- North American arcade flyer
- Developer: American Laser Games CD-i CapDisc Windows Digital Leisure;
- Publishers: American Laser Games ArcadeNA: American Laser Games; EU: Atari Games; JP: Namco; CD-i Philips Media DVD/WindowsNA: Digital Leisure; RU: 1C Company; ;
- Series: Crime Patrol
- Platforms: Arcade, 3DO Interactive Multiplayer DVD, Macintosh, Microsoft Windows, MS-DOS, Philips CD-i, Sega CD
- Release: May 1993 ArcadeNA: May 1993; EU: 1993; JP: October 1993; 3DONA: 1993; Sega CDNA: October 1994; MacintoshNA: 1994; MS-DOSNA: 1994; CD-iNA: 1996; DVDNA: 17 November 2001; WindowsNA: 16 January 2002; RU: 2002; ;
- Genres: Interactive movie, light gun shooter
- Modes: Single-player, multiplayer
- Arcade system: Amiga-based hardware

= Crime Patrol (video game) =

1993 video game

Crime Patrol is a live-action laserdisc video game released by American Laser Games in 1993. American Laser Games released a sequel, Crime Patrol 2: Drug Wars later that year.

==Storyline==
The player character is employed in the police force and works his way up from Rookie to Delta Force, achieved through systematically neutralizing threats which appear in various environments and scenarios. As a Rookie, the player character teams up with a somewhat boisterous policewoman, taking on burglars, armed robbers, and gang members. After getting promoted to Undercover, the player character gets a slightly overweight male partner and confronts drug smugglers and crime lords at a nightclub, a chop shop, and an airfield. Next, in SWAT, the character deals with bank robbers, meth cooks, and outlaw bikers become the enemies. Finally, in Delta Force, the player must stand up to serious threats to national security, such as a hijacked shipment of nuclear material, hijacked planes, and assassination attempts. Each part of the game is made up of three separate scenarios, with one final mission involving a plot to steal plutonium that is filmed partly in night vision.

==Gameplay==
The CD-i, 3DO, Sega CD, and PC versions use a mouse or light gun to aim and shoot the villains. Reloading is done by moving the light gun outside of the screen and pressing the trigger; this is also achieved when using the mouse by directing the cursor to the bottom right-hand corner of the screen and right-clicking. The player can reload at any time and an infinite number of times. The player has three lives at their disposal. There are four levels, not counting the shooting range, which one can access to improve one's aim and reflexes. Once the player has completed a scene, on the selection screen the icon is closed off, being stamped with the words "CASE CLOSED", but if the player waits too long to choose another scene, a completed case may automatically begin.

==Release==
A port for the Atari Jaguar CD was reportedly in development but never released. A port for the PlayStation and Sega Saturn was also slated for Christmas 1996, but was cancelled at the last minute.

==Reception==
Play Meter listed Crime Patrol as the ninth most popular arcade game of July 1993.
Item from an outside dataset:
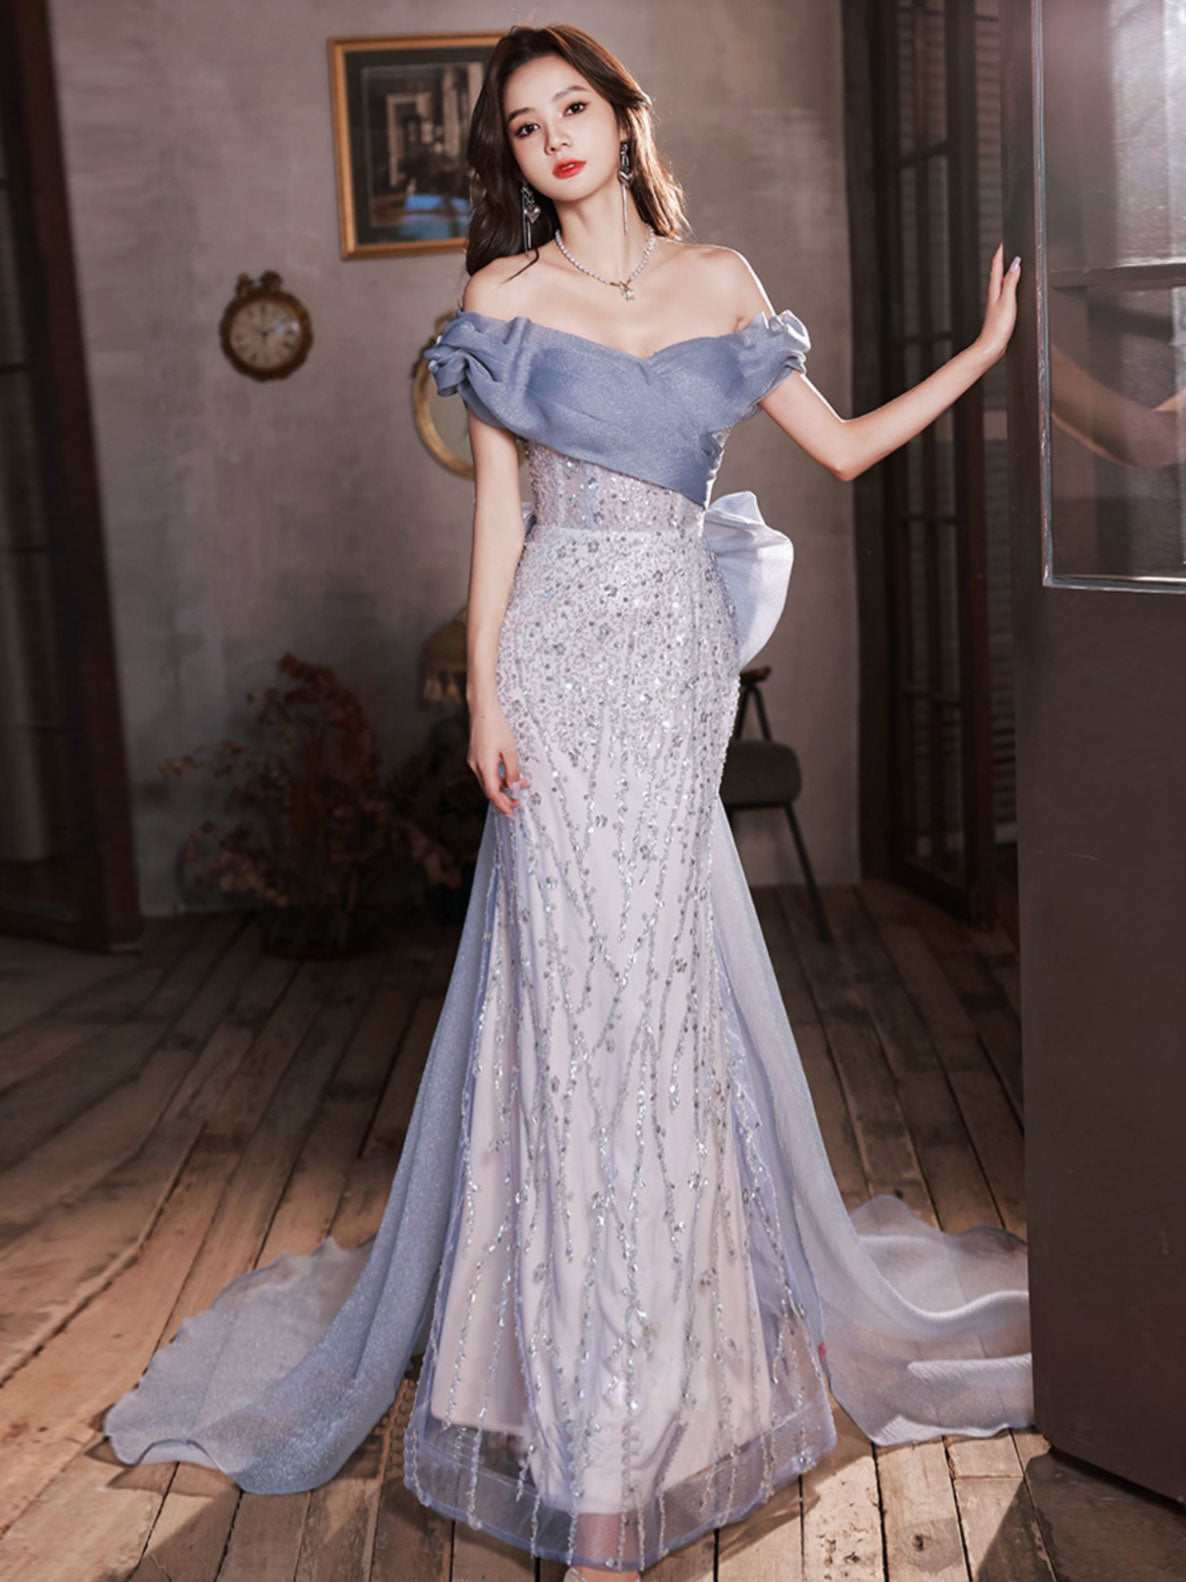 Dusty Blue Fishtailk Fitted Off The Shoulder Occasion Dress Prom Dress - DollyGown
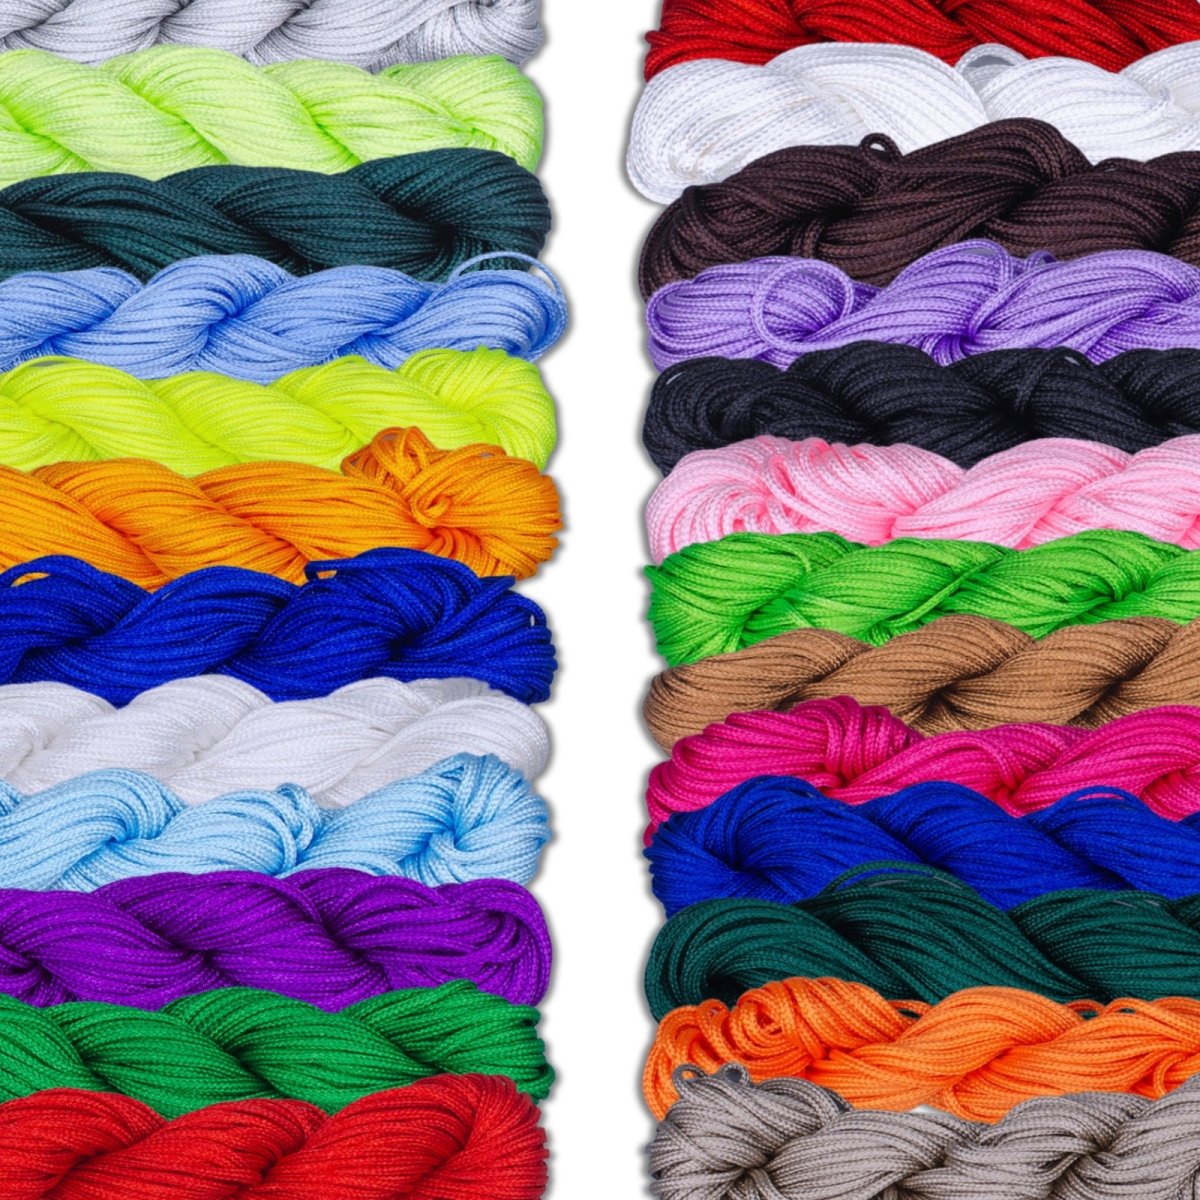 1.5mm Chinese Knotting Cord Nylon Cord Knot Thread for Necklace Bracelet Anklet Cord Beads String for Jewelry Making Supply 10 meter - DLUXCA

GamePro panned the Sega CD version, citing poor acting, corny dialogue, excessively grainy graphics, inaccurate controls when using a standard gamepad instead of a light gun, and generic light gun shooter gameplay. The same GamePro reviewer leveled all the same criticisms at the 3DO version except for the graphics, remarking that the 3DO version has "clean, sharp, digitized images". A reviewer for Next Generation gave the 3DO version two out of five stars, criticizing the poor acting and overt similarity to previous American Laser Games offerings. Though he admitted that the game is decently fun with a 3DO light gun, and that the video contains several entertaining stunts, he concluded, "Personally, we'd rather rent Commando again."

Maximum dubbed the PC version "one of the best arcade conversions, ever" but derided the shallow and lowbrow nature of the game itself. They described the line of American Laser Games light gun games as "lineal descendants of fairground shooting galleries. Substitute the moving ducks and gats for an episode of Starsky & Hutch and a plastic pistol ... and you have grasped the essence of the thing." However, they acknowledged that this style of game has its appeal and concluded, "No intellectual challenges here, folks, but for the right kind of homo-couchpotatus, Crime Patrol is a satisfying piece of idle machismo." They gave it three out of five stars.